_WHAT IS NEEDED_.
Print each record below precisely, with every picture left out of the copy.

=== Begin Enclosure ===

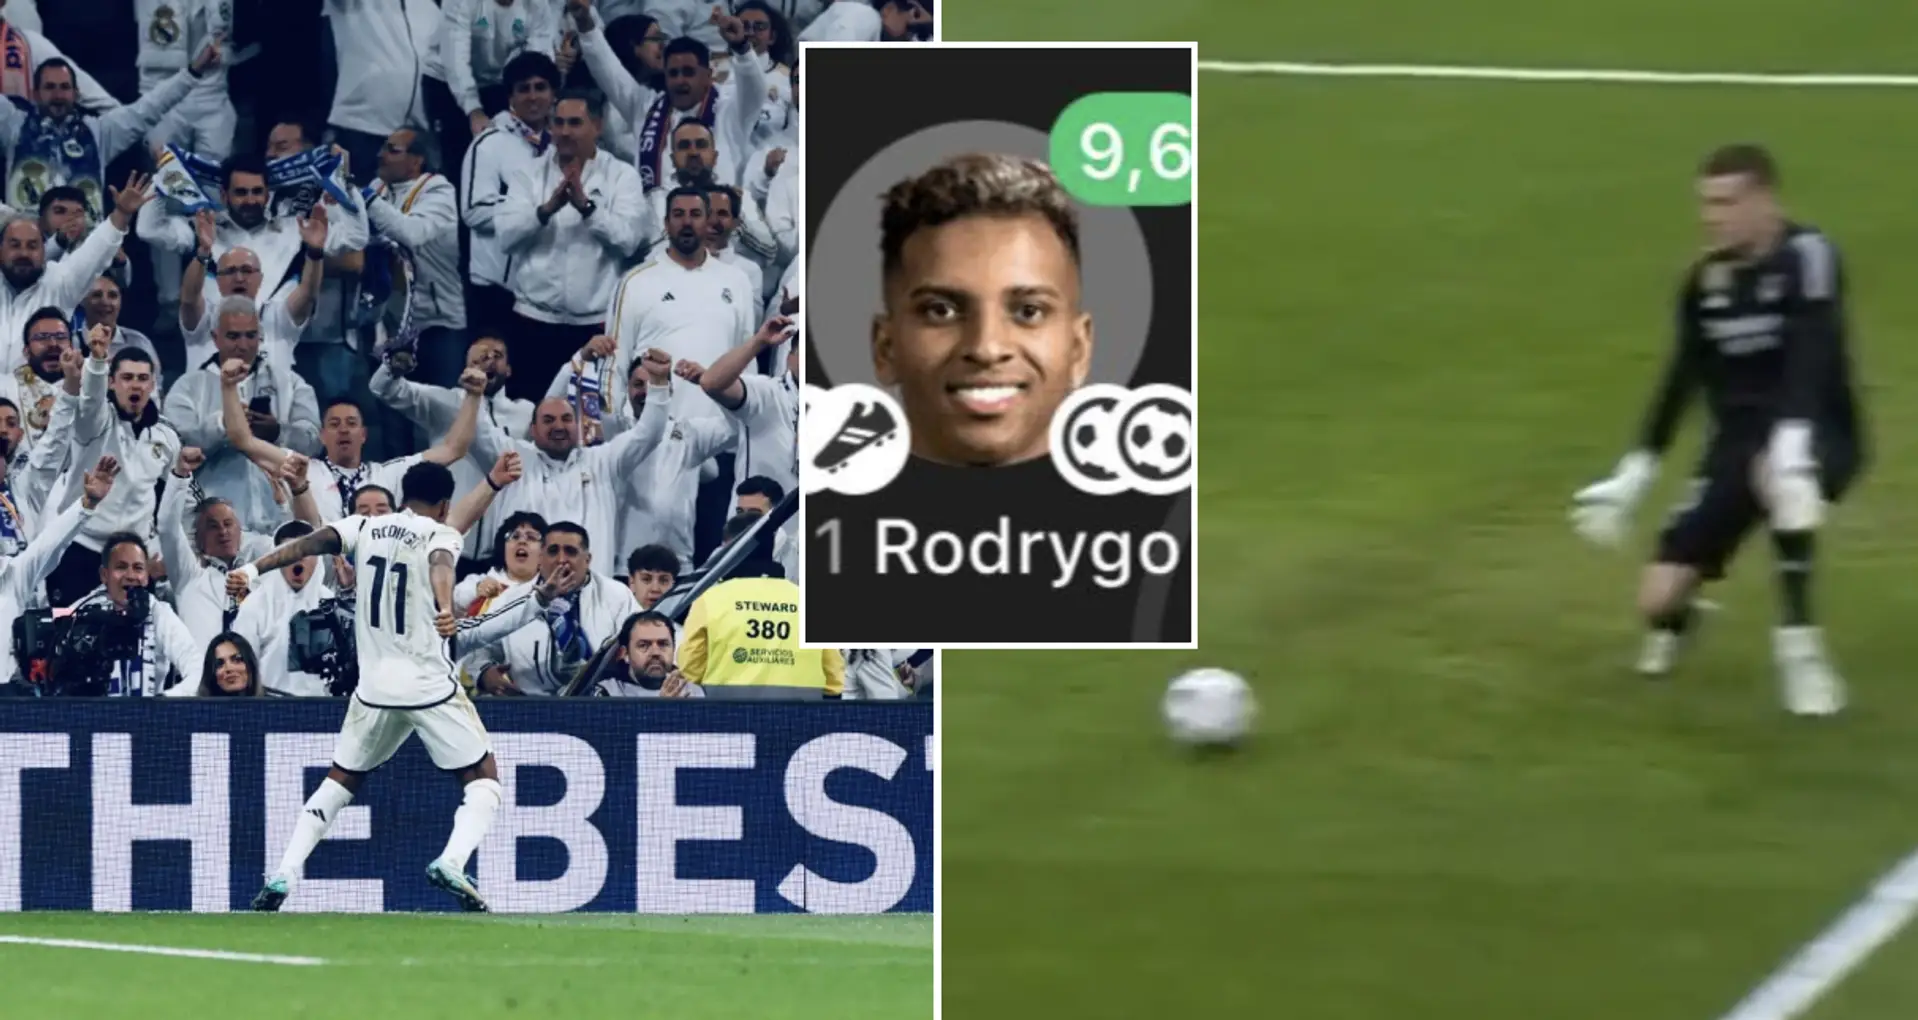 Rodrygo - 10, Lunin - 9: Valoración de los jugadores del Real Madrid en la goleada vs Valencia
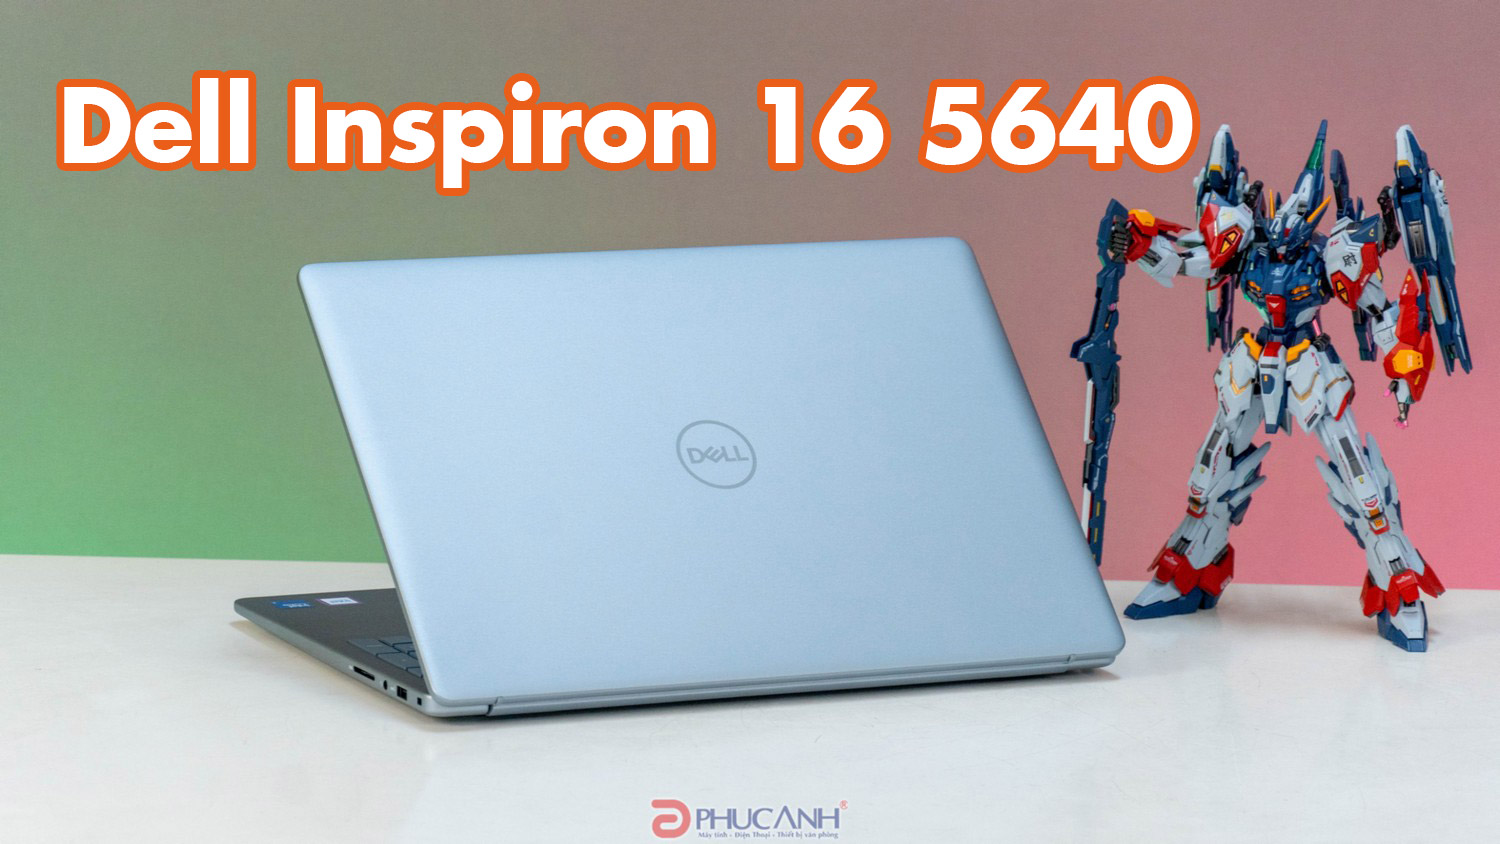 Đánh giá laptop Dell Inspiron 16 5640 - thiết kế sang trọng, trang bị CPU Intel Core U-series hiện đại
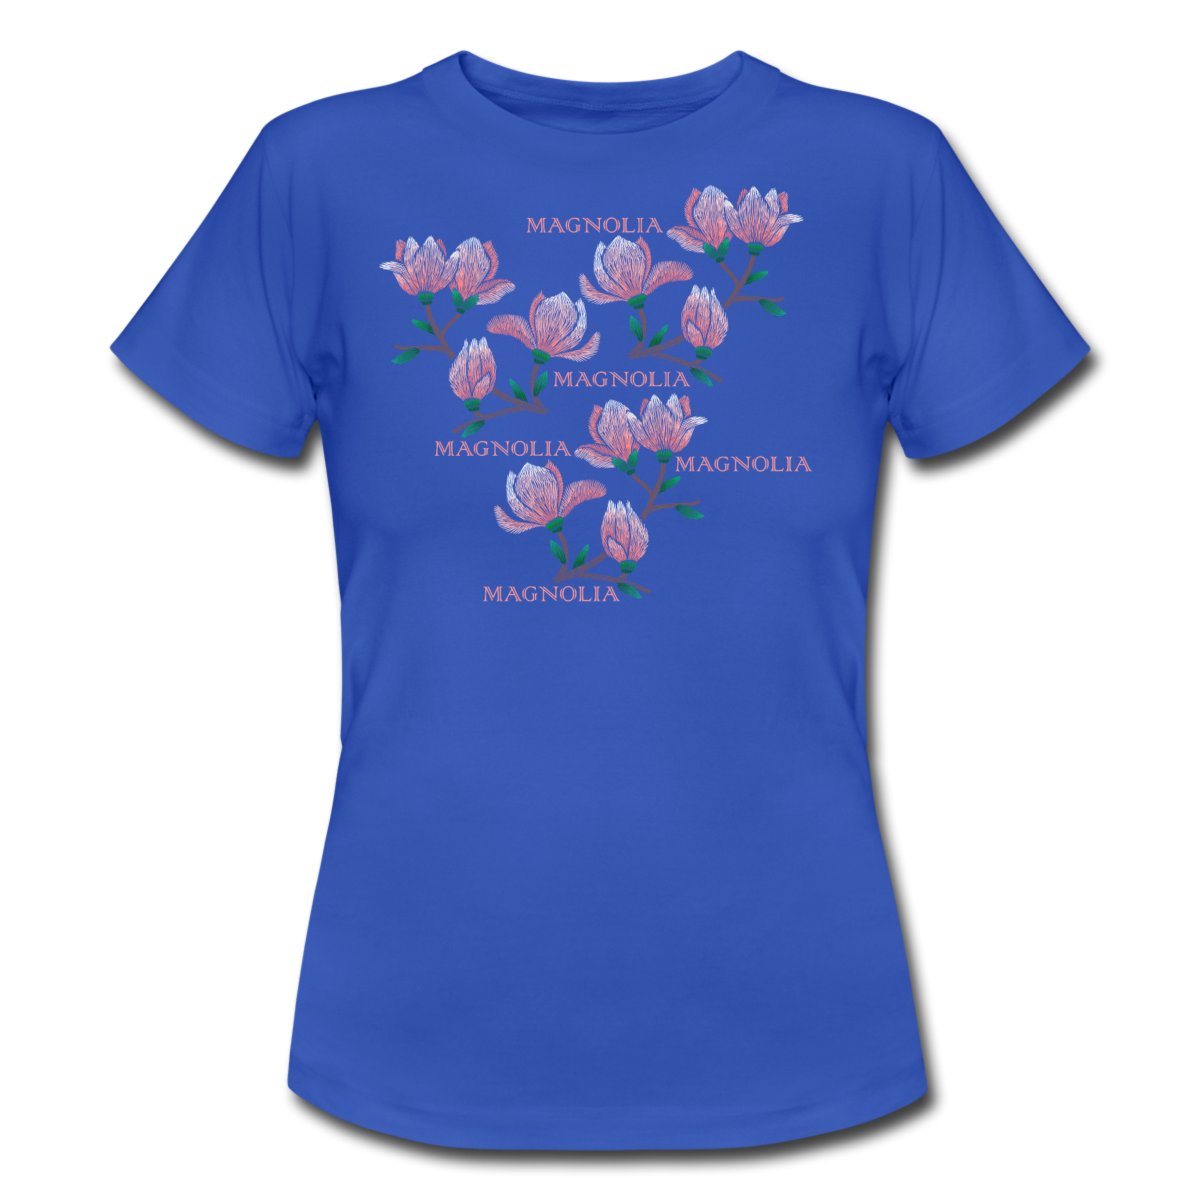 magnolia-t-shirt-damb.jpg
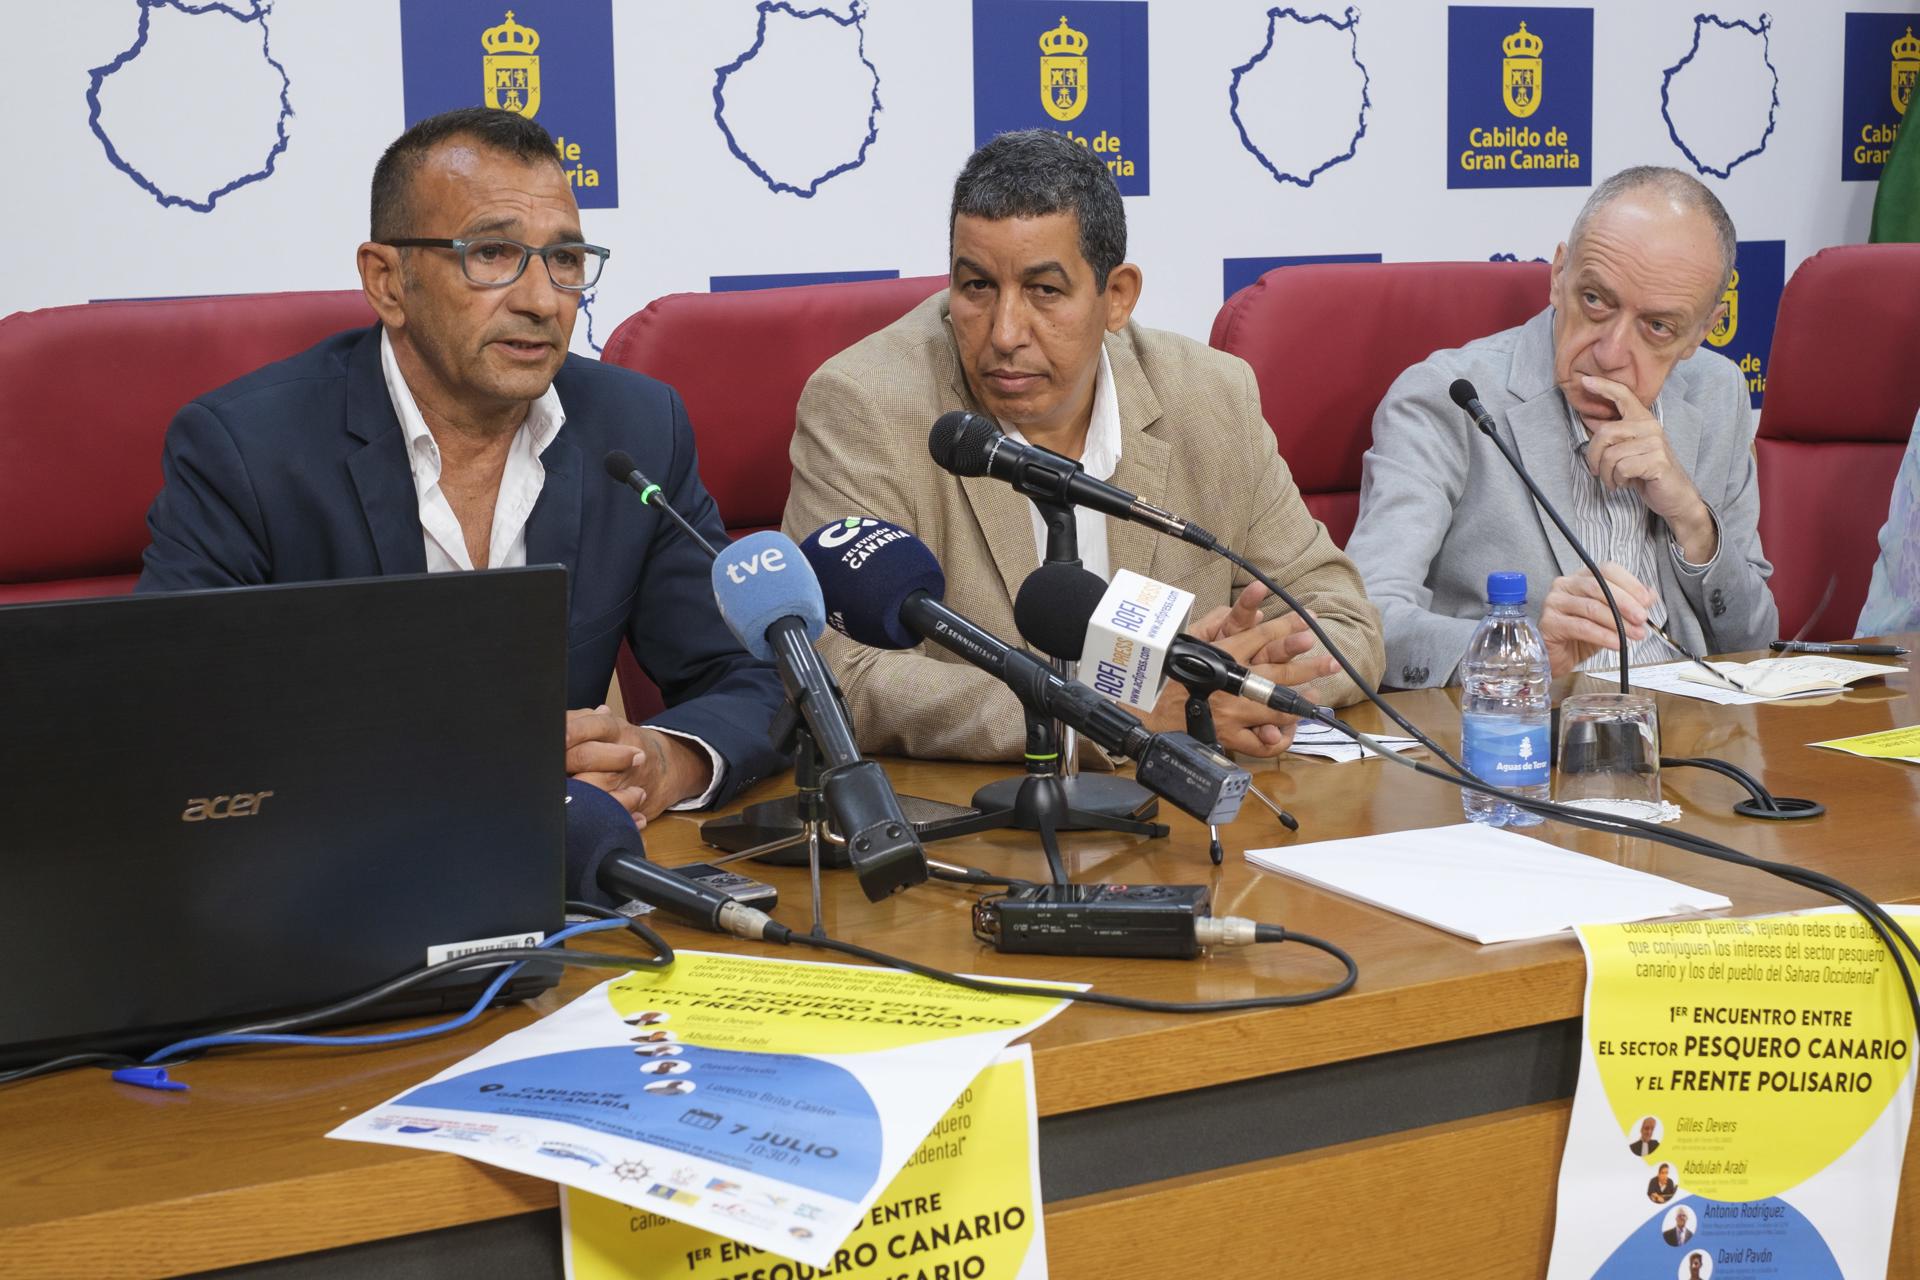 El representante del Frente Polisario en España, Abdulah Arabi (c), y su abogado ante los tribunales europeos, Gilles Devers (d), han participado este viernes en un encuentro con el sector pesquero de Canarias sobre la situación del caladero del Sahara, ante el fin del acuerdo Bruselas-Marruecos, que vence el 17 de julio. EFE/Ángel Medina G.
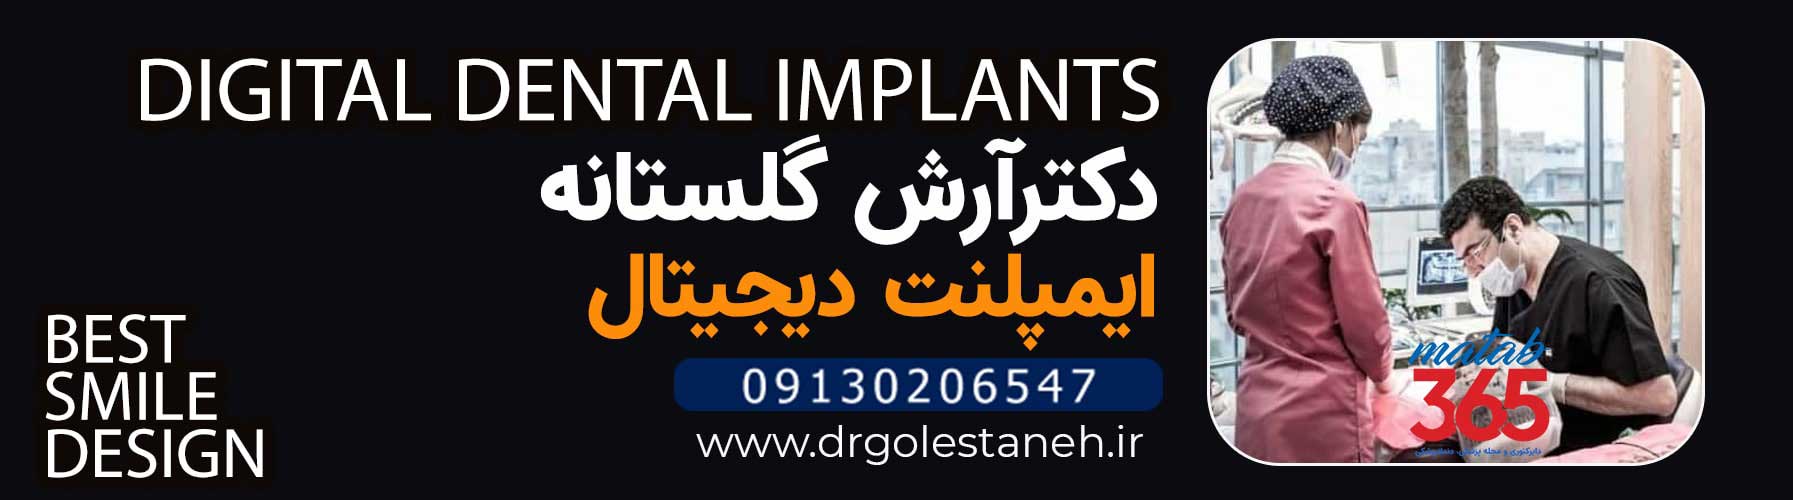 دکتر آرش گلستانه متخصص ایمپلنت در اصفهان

=== End Enclosure ===

_REPLY TO THE EXERCISE_.
 Rodrygo - 10, Lunin - 9: Valoración de los jugadores del Real Madrid en la goleada vs Valencia
 Đánh giá laptop Dell Inspiron 16 5640 - thiết kế sang trọng, trang bị CPU Intel Core U-series hiện đại
 magnolia-t-shirt-damb.jpg
 El representante del Frente Polisario en España, Abdulah Arabi (c), y su abogado ante los tribunales europeos, Gilles Devers (d), han participado este viernes en un encuentro con el sector pesquero de Canarias sobre la situación del caladero del Sahara, ante el fin del acuerdo Bruselas-Marruecos, que vence el 17 de julio. EFE/Ángel Medina G.
 دکتر آرش گلستانه متخصص ایمپلنت در اصفهان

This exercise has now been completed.